(Items listed in a dataset)
§
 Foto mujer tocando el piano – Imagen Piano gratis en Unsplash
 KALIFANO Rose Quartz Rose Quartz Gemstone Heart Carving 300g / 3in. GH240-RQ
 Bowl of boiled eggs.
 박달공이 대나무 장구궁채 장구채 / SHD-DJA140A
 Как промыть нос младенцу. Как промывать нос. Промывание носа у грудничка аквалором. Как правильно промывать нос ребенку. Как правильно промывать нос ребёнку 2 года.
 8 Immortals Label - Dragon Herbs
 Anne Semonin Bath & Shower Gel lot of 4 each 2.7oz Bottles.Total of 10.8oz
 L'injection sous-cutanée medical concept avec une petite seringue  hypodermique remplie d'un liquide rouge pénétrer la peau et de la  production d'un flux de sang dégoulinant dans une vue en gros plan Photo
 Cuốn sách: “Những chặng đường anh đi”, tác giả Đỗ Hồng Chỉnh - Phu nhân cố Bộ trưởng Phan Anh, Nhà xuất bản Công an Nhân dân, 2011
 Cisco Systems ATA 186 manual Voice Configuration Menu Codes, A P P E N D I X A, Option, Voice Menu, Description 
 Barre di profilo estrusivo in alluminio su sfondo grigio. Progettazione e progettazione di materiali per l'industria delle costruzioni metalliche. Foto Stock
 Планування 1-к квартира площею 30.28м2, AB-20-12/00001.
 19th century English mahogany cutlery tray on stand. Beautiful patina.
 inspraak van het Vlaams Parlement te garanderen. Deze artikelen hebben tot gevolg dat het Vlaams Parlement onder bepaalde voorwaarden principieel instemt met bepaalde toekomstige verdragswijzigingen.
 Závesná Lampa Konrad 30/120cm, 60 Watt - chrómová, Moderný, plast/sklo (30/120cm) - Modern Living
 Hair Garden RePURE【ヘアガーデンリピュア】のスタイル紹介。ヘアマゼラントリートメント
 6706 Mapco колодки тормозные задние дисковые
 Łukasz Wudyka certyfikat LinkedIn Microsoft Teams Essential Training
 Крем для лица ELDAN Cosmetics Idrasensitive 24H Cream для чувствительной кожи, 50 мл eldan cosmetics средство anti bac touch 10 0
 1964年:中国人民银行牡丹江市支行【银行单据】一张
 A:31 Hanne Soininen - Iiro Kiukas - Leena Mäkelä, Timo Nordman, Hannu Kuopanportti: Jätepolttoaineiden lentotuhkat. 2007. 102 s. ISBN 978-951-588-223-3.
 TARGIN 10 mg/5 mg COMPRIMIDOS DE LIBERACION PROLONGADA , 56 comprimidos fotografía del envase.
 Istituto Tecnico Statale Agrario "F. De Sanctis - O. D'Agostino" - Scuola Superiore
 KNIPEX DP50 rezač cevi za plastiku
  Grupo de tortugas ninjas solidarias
§
=== Exercise brief ===
Only one stretch of the data above is needed. Restate it word for word, from the line containing "Anne Semonin Bath" through the line containing "Barre di profilo", both ends included.

=== Written reply ===
 Anne Semonin Bath & Shower Gel lot of 4 each 2.7oz Bottles.Total of 10.8oz
 L'injection sous-cutanée medical concept avec une petite seringue  hypodermique remplie d'un liquide rouge pénétrer la peau et de la  production d'un flux de sang dégoulinant dans une vue en gros plan Photo
 Cuốn sách: “Những chặng đường anh đi”, tác giả Đỗ Hồng Chỉnh - Phu nhân cố Bộ trưởng Phan Anh, Nhà xuất bản Công an Nhân dân, 2011
 Cisco Systems ATA 186 manual Voice Configuration Menu Codes, A P P E N D I X A, Option, Voice Menu, Description 
 Barre di profilo estrusivo in alluminio su sfondo grigio. Progettazione e progettazione di materiali per l'industria delle costruzioni metalliche. Foto Stock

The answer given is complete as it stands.